Shakesbeery / vigipy

A medical device/pharmacovigilance library written in python
GNU General Public License v3.0
11 stars 3 forks source link

Code create out where there's no data #4

Closed ylchang closed 2 years ago

ylchang commented 2 years ago

Hi,

I've applied vigils BCPNN with a dataset which contains data for various devices cross several quarters-years. Among them a few devices' data are censored before the end of the entire quarter-year range covered by this data set. For example, the entire dataset cover data from 2000Q1 through 2020Q4, but product X in this dataset might only have data from 2013Q2 through 2018Q1. When I ran BCPNN, I noticed that the Count of the event, for this product X for the argument sake, would accumulate up to 2018Q1, and then the Count remain the same through 2020Q4. The signal 2.5% quantile of the IC is calculated through the end of 2020Q4, even though there's no any data for product X between 2018Q1 and 2020Q4. So the result is quite misleading. Maybe I misused the code? Or maybe I misinterpret data result?

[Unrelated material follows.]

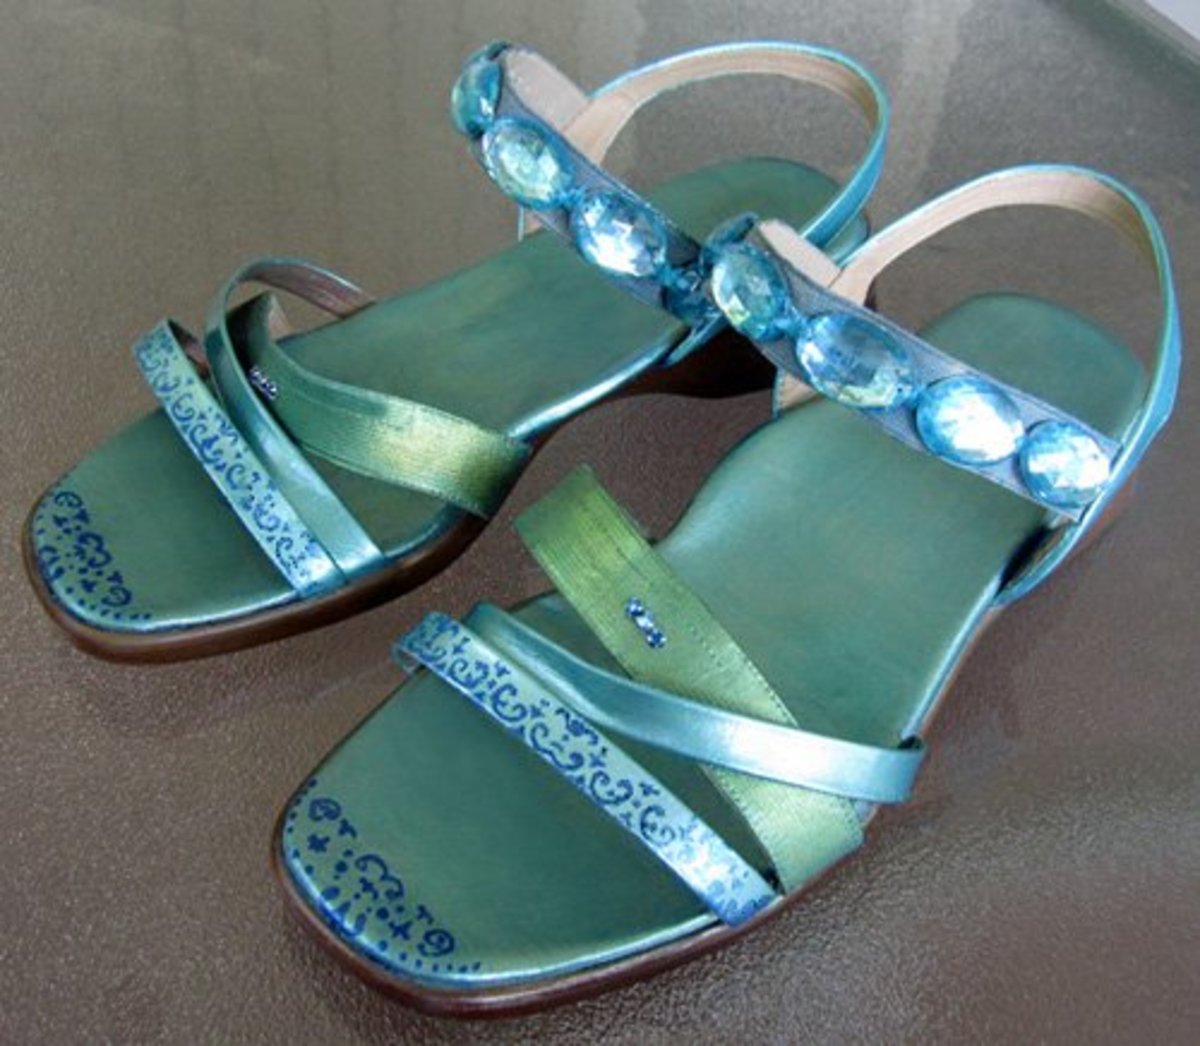 Ta-da! Don't the finished sandals look cool?

Thank you very much for your time and help.

Regards,

Shakesbeery commented 2 years ago

@ylchang - I think I see what you're asking, but let me clarify.

Currently vigipy assumes that during periods of no reports that this may be due to either:

  1. A good safety profile (i.e. no reports because there are no reported AEs)
  2. Periodic voluntary reporting drops (i.e. a company accumulates reports and then dumps a large amount each quarter/year/etc)

For these cases, the cumulative measure is still carried forward because we expect that reports may begin again at any time; however, your use case wants a more nuanced approach. During periods of no reporting your preference would be to completely drop all reports for products that have not had AEs recorded. Is this correct? For example, product X would have signals generated for 2013-2018Q1, but in 2018Q2 there are no reports, so product X is completely dropped from consideration. Later, in 2024Q3, product X has another report, so all cumulative data is once again processed and a new signal is generated. Is that the logical flow you were thinking about?

An alternative is for products that are discontinued, we may not want to use them in our calculations anymore, but I think that becomes a data cleansing issue prior to analysis.

If I have the wrong idea maybe you could describe more about the expected output pattern you would want to see.

ylchang commented 2 years ago

This image gives the count of a binary data for various devices in the timeframe shown by the x-axis: image

As you can see, Riata, Riata ST and Sprint Fidelis have no data after certain quarters. However, the BCPNN result shows that their signals go even more significant after their data been suspended. image

The effective of suspension is not shown here. So how should I interpret this result? Shouldn't the DPA show that there's a drop of the signal after the data are suspended? I am confused...

Looks like this can be my misunderstanding of the DPA rather than a code issue. Should we continue this discussion here or maybe use another venue?

Thank you so much for your further help.

Shakesbeery commented 2 years ago

Yes, this appears to be more of an interpretation question and I would say that it's behaving as expected.

Please feel free to reach out to me over email and I'd be happy to discuss further.

ylchang commented 2 years ago

Hi, David,

Thank you very much for your support.

I think I figured it out. For my case I should not be using the LM. After I divided my data into subgroups by quarter-year, I got the result that better resemble the result from prior work. With that observation, I closed the issue on Github.

Thank you again for your precious time and guidance.

Regards,

Yu-Li

On Wed, Mar 9, 2022 at 11:13 PM David Beery @.***> wrote:

Yes, this appears to be more of an interpretation question and I would say that it's behaving as expected.

Please feel free to reach out to me over email and I'd be happy to discuss further.

— Reply to this email directly, view it on GitHub https://github.com/Shakesbeery/vigipy/issues/4#issuecomment-1063672408, or unsubscribe https://github.com/notifications/unsubscribe-auth/ACF4HNYDIXIIWTFNSBHH6QLU7GAHJANCNFSM5QKSLOHA . Triage notifications on the go with GitHub Mobile for iOS https://apps.apple.com/app/apple-store/id1477376905?ct=notification-email&mt=8&pt=524675 or Android https://play.google.com/store/apps/details?id=com.github.android&referrer=utm_campaign%3Dnotification-email%26utm_medium%3Demail%26utm_source%3Dgithub.

You are receiving this because you were mentioned.Message ID: @.***>

-- Yu-Li Chang PhD, CRE, CQE https://www.linkedin.com/in/yulichang 大事难事,看担当;顺境逆境,看胸襟;是喜是悲,看涵养;有舍有得,看智慧;是成是败,看坚持。

Shakesbeery commented 2 years ago

@ylchang - FYI: I have an experimental branch called disjoint-model. It now exposes the function run_disjoint() in the longitudinal model which uses only the resampled window instead of the cumulative reports. I think this is what you were originally looking for--if so let me know if it works as expected.